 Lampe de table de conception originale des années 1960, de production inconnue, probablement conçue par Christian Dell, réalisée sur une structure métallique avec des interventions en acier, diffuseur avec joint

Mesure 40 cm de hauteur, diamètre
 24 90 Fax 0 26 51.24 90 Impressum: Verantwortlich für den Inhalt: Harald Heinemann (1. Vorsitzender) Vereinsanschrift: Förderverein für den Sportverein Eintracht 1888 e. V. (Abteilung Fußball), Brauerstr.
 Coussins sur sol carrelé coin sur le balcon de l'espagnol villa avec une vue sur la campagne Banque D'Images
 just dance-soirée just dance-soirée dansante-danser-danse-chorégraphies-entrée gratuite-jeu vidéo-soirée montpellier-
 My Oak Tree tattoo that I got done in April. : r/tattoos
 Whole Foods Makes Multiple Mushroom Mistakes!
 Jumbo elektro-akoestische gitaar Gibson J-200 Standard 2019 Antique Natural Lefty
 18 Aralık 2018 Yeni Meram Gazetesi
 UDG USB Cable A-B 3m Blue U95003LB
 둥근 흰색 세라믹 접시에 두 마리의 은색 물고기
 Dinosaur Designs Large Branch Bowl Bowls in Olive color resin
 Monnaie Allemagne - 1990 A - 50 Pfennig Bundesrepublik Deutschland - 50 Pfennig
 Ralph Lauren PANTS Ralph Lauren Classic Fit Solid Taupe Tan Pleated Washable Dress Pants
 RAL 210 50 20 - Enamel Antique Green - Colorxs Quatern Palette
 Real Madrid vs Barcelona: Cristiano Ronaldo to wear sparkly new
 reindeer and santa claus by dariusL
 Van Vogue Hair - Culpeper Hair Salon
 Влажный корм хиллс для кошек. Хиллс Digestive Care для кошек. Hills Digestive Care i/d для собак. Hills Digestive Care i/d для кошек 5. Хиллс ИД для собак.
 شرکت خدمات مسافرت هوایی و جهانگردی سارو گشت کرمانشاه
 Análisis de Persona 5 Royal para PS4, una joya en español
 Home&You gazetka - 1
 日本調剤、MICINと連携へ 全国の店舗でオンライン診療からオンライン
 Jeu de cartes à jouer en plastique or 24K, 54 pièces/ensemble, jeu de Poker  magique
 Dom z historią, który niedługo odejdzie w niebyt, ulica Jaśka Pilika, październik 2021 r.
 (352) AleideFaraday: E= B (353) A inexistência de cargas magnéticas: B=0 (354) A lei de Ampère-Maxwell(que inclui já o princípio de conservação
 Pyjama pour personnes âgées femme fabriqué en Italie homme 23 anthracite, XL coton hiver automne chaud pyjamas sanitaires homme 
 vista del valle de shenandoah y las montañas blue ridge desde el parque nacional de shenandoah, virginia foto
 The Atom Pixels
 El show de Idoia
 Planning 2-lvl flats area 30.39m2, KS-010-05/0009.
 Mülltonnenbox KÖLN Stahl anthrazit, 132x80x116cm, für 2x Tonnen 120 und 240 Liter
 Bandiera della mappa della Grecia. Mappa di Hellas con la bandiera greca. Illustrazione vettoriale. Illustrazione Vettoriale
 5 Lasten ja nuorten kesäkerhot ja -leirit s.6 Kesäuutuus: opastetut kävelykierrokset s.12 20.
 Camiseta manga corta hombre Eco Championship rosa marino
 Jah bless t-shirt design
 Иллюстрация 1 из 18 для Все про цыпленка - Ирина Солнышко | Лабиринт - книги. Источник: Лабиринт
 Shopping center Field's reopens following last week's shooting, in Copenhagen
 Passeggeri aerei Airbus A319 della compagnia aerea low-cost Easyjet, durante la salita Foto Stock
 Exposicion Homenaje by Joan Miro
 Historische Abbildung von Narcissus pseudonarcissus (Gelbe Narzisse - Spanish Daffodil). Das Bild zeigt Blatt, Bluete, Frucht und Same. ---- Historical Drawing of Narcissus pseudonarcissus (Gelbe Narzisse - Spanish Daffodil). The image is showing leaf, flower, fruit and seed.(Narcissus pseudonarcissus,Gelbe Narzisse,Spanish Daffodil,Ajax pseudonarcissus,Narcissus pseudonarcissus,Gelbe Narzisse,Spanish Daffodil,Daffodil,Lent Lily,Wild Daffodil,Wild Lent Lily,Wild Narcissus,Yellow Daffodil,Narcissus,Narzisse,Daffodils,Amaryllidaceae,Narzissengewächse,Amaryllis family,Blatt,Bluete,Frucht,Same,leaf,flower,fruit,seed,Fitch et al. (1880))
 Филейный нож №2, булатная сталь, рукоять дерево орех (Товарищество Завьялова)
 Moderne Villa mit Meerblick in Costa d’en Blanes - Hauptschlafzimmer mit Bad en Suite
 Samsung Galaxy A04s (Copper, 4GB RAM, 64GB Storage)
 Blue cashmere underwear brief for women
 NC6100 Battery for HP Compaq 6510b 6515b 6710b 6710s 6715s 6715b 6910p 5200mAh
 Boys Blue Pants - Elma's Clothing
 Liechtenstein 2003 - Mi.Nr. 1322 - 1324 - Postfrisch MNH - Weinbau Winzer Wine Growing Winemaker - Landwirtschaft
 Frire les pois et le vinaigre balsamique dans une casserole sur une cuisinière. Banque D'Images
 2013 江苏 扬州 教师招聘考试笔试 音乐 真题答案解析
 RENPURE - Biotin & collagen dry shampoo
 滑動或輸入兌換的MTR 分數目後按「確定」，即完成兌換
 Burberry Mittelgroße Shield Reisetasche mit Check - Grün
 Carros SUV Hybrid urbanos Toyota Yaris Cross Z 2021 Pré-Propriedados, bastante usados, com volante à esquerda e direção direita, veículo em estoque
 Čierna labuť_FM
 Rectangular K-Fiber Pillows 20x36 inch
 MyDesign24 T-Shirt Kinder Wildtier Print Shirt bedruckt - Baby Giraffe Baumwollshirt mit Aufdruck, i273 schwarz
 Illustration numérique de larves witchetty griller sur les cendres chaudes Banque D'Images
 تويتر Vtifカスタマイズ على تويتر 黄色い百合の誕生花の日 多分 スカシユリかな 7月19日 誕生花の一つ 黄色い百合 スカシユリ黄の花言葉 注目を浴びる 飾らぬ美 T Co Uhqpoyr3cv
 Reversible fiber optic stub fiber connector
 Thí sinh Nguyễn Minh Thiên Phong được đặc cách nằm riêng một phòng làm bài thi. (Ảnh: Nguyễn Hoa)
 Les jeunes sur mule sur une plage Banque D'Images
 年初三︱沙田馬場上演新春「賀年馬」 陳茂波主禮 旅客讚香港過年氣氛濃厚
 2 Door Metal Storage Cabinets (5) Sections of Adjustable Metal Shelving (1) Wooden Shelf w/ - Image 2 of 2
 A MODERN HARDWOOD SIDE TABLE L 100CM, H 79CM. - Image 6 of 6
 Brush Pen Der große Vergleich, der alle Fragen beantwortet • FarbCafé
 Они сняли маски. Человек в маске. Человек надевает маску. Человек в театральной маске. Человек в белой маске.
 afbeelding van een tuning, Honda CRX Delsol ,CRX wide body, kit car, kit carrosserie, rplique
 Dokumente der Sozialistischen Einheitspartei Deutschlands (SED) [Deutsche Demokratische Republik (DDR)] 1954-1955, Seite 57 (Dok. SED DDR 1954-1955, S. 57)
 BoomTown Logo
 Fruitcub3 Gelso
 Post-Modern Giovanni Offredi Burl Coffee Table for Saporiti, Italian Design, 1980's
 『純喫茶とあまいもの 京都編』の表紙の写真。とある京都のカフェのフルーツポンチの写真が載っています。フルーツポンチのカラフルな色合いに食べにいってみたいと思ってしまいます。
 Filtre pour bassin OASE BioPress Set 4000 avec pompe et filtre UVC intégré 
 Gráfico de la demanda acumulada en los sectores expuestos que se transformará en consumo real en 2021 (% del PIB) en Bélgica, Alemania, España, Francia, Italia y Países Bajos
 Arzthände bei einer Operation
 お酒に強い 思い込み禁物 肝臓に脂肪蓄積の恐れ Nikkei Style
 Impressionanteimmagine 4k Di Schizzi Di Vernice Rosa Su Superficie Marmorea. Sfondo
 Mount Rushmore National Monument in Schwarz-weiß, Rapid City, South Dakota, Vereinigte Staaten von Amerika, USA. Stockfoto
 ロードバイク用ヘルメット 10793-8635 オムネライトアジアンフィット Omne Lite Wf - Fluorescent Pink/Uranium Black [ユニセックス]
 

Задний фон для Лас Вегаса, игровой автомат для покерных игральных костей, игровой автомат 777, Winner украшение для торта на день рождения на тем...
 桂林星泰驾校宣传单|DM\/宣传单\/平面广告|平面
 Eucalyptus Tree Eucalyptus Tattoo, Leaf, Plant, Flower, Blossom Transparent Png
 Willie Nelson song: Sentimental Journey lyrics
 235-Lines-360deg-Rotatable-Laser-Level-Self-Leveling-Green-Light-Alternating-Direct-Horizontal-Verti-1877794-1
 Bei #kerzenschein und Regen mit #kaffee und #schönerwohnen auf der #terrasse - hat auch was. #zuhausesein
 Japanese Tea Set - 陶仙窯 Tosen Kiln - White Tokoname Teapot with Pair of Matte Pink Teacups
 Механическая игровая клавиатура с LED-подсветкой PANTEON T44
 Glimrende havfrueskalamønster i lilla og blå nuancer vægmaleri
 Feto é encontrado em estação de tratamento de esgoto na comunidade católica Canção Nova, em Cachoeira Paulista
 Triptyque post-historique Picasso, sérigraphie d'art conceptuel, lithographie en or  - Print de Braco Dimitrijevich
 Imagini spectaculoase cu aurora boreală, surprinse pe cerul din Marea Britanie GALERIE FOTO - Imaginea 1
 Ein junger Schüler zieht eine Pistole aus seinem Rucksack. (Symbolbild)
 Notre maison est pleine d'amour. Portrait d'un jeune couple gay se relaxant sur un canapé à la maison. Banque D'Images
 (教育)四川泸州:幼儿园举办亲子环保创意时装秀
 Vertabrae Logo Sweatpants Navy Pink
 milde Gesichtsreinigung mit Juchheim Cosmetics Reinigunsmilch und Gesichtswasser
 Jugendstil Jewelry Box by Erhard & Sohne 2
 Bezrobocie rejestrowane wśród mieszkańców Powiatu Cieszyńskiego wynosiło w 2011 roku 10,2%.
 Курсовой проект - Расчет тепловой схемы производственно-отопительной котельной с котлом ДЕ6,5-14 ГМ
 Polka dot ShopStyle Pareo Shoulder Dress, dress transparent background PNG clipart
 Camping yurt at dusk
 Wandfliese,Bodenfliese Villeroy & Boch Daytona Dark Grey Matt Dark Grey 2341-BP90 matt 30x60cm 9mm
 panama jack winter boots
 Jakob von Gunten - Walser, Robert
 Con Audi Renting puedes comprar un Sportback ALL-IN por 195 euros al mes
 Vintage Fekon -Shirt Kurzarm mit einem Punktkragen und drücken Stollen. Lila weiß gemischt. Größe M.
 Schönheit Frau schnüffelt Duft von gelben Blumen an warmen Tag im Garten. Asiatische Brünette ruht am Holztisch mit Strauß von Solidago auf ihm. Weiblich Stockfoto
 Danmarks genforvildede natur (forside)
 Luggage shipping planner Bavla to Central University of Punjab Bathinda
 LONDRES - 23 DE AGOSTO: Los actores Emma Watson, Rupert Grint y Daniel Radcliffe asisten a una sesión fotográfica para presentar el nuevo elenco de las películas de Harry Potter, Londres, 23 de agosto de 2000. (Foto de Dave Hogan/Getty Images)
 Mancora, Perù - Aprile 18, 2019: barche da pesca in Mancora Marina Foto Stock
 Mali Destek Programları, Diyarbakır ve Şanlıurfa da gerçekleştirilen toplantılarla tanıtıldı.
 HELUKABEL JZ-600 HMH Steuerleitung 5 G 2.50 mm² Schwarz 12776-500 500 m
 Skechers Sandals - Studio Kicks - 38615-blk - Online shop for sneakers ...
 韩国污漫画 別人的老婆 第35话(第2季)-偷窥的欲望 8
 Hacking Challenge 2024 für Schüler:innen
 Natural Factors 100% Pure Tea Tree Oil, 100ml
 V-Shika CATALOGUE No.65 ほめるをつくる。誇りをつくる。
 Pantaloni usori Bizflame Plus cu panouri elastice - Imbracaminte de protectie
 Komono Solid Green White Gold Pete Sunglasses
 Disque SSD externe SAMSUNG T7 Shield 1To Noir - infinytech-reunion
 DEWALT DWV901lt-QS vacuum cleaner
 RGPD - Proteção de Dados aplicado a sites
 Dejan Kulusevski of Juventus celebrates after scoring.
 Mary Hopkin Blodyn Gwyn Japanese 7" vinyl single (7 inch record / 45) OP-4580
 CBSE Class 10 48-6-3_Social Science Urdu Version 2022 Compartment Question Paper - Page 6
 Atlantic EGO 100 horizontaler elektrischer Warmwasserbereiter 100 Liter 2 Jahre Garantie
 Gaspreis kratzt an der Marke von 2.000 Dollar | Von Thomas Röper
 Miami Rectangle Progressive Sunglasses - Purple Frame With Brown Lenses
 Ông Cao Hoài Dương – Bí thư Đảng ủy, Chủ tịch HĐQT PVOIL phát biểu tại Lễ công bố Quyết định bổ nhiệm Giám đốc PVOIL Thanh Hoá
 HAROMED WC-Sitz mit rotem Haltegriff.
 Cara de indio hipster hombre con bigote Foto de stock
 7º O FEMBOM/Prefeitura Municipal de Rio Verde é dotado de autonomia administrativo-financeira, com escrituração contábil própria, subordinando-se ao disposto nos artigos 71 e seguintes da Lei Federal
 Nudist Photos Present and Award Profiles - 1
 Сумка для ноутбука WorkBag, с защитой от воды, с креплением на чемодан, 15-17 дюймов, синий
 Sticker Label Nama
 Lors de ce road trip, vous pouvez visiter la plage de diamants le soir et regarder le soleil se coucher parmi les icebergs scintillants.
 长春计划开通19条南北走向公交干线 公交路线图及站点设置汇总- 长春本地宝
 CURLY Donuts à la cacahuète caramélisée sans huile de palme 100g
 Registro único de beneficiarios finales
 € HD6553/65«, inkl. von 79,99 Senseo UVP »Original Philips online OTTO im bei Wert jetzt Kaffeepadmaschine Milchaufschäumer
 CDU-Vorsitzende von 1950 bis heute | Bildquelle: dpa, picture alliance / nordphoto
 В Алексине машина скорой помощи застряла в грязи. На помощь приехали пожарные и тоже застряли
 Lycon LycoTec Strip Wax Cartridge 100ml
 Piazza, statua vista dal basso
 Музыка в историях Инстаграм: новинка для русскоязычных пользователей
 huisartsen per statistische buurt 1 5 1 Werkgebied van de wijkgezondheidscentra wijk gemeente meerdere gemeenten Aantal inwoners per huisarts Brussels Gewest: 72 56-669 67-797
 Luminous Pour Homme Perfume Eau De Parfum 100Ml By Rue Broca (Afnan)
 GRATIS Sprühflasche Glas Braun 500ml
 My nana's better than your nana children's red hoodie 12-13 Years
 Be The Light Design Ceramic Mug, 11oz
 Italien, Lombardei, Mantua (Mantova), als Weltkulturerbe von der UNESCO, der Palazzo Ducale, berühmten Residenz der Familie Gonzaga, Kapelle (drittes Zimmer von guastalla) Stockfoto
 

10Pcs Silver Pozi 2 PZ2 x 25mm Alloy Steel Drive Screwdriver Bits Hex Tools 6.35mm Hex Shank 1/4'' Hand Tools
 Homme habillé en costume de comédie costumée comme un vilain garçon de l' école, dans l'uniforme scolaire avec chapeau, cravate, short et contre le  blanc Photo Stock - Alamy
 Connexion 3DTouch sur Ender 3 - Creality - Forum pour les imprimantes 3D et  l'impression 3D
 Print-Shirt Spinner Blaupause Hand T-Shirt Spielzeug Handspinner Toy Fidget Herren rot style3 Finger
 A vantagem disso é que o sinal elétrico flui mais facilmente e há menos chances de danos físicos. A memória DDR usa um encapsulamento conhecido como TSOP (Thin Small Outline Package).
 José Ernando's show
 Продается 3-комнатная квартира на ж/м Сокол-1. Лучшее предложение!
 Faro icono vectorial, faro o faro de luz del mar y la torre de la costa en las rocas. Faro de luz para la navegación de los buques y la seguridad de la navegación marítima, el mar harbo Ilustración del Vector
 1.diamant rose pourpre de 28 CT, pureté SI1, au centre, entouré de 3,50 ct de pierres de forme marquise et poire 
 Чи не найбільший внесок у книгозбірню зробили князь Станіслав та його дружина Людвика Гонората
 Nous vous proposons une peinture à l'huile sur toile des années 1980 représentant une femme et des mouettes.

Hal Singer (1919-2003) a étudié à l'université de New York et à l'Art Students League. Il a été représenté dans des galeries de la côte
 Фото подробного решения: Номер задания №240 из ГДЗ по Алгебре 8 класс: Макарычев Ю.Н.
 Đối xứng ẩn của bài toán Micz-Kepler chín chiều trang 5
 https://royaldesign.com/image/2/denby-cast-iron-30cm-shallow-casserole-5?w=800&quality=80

** Description of the task **
Only the lines above from the one with "RENPURE - Biotin & collagen dry shampoo" up to and including the one with "afbeelding van een" should be repeated, exactly as written.

** Answer below **
 RENPURE - Biotin & collagen dry shampoo
 滑動或輸入兌換的MTR 分數目後按「確定」，即完成兌換
 Burberry Mittelgroße Shield Reisetasche mit Check - Grün
 Carros SUV Hybrid urbanos Toyota Yaris Cross Z 2021 Pré-Propriedados, bastante usados, com volante à esquerda e direção direita, veículo em estoque
 Čierna labuť_FM
 Rectangular K-Fiber Pillows 20x36 inch
 MyDesign24 T-Shirt Kinder Wildtier Print Shirt bedruckt - Baby Giraffe Baumwollshirt mit Aufdruck, i273 schwarz
 Illustration numérique de larves witchetty griller sur les cendres chaudes Banque D'Images
 تويتر Vtifカスタマイズ على تويتر 黄色い百合の誕生花の日 多分 スカシユリかな 7月19日 誕生花の一つ 黄色い百合 スカシユリ黄の花言葉 注目を浴びる 飾らぬ美 T Co Uhqpoyr3cv
 Reversible fiber optic stub fiber connector
 Thí sinh Nguyễn Minh Thiên Phong được đặc cách nằm riêng một phòng làm bài thi. (Ảnh: Nguyễn Hoa)
 Les jeunes sur mule sur une plage Banque D'Images
 年初三︱沙田馬場上演新春「賀年馬」 陳茂波主禮 旅客讚香港過年氣氛濃厚
 2 Door Metal Storage Cabinets (5) Sections of Adjustable Metal Shelving (1) Wooden Shelf w/ - Image 2 of 2
 A MODERN HARDWOOD SIDE TABLE L 100CM, H 79CM. - Image 6 of 6
 Brush Pen Der große Vergleich, der alle Fragen beantwortet • FarbCafé
 Они сняли маски. Человек в маске. Человек надевает маску. Человек в театральной маске. Человек в белой маске.
 afbeelding van een tuning, Honda CRX Delsol ,CRX wide body, kit car, kit carrosserie, rplique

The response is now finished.